IMF: POOR COUNTRIES NEED $25 BILLION TO DEAL WITH MELTDOWN


Financing needs for the world’s poorest countries, hit by the global crisis, will increase by $25 billion in 2009, possibly as much as $140 billion, the International Monetary Fund said on Tuesday.

“The global financial crisis is expected to have a severe impact on growth and external stability in low-income countries,” the IMF said in a new report that looks at the effects the spreading crisis will have on poor states.

It said if the global downturn worsens “the needs could be much larger, approaching $140 billion in a ‘bad case’ scenario.”

The IMF said it had identified 26 countries, many of them oil exporters, that are particularly vulnerable to the global downturn and collapse in commodity prices and which will require donor support.

It urged the international community, including donor nations, to step up their assistance in the face of a worsening crisis.

At the same time, the IMF said it was concerned that aid could dive by as much as 30 percent this year relative to their 2008 value, as recession in advanced countries cuts into aid budgets.

“Potential declined in donor support and tighter financing conditions will likely impose further pressures on low-income countries’ budgets,” the IMF said.

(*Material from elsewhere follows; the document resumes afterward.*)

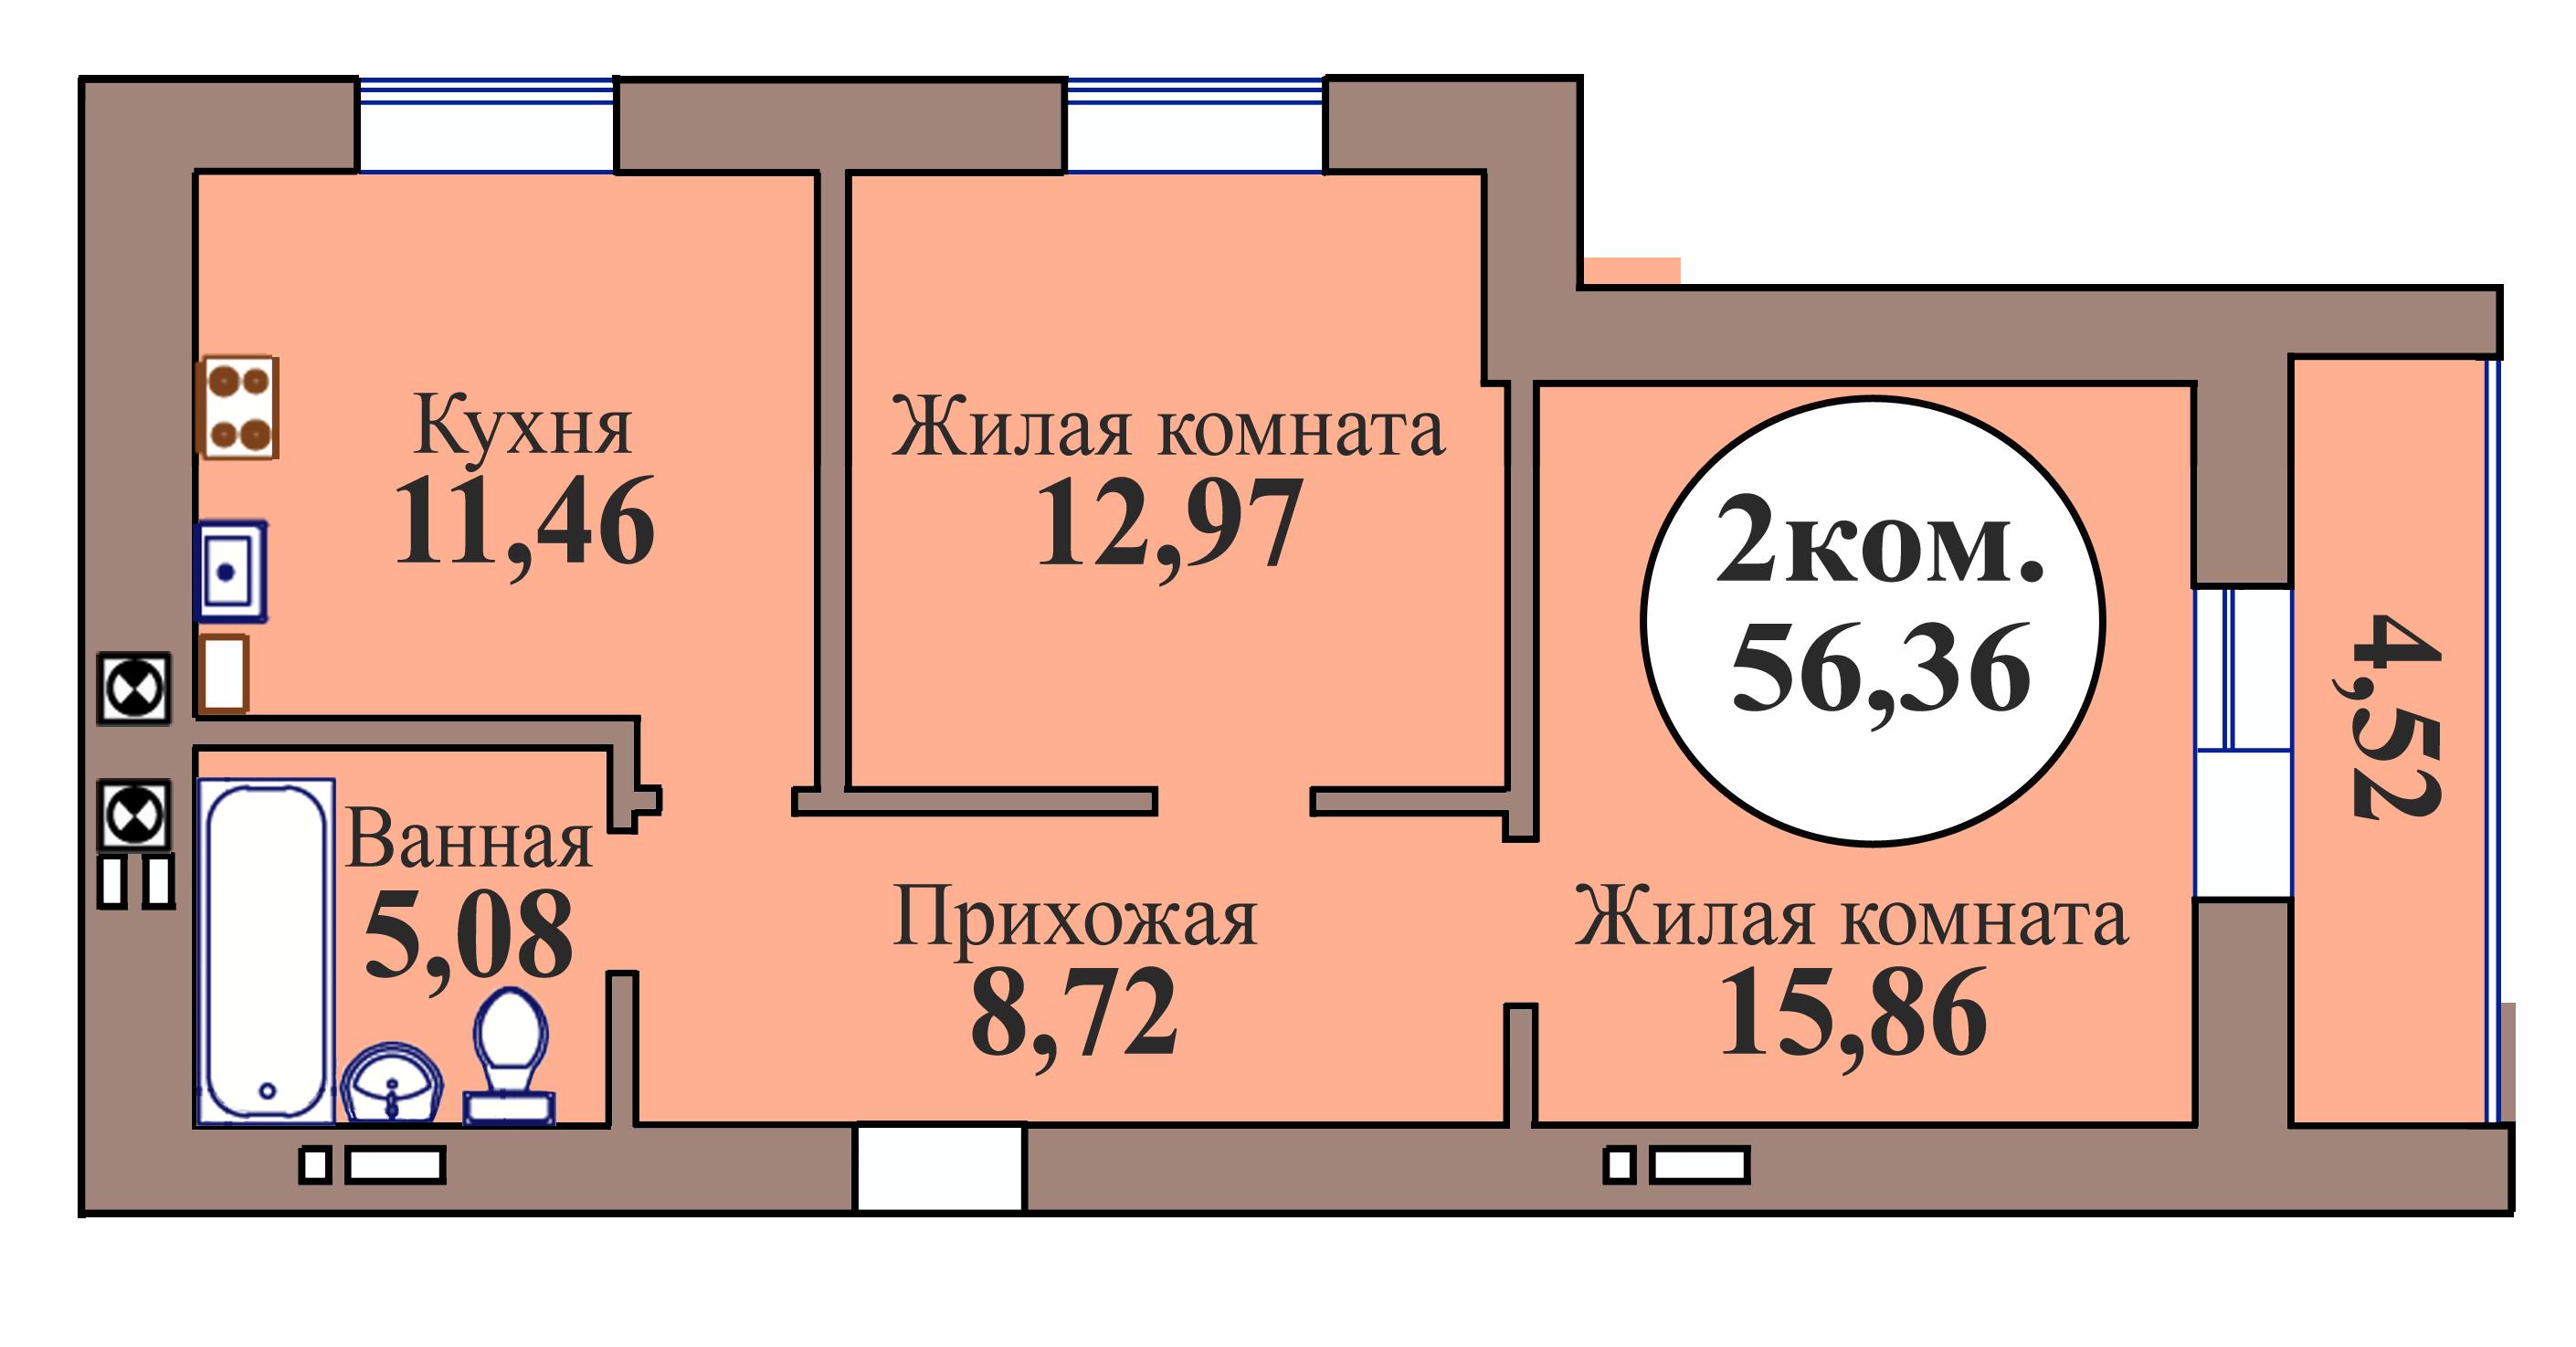 2-комн. кв. по пер. Калининградский, 5 кв. 110 в Калининграде

While the financial systems in poorer countries were not directly hit by the financial crisis, the IMF said some countries that had started to tap international markets had seen their access virtually come to an end.

The Fund said domestic banks may be hit by second-round effects as the economic downturn increases the number of borrowers unable to repay their loans.

It said countries should focus on macroeconomic stability, and in countries with falling inflation there may be scope for monetary easing. Countries with flexible exchange rates should allow them to move so they act as shock absorbers, it added.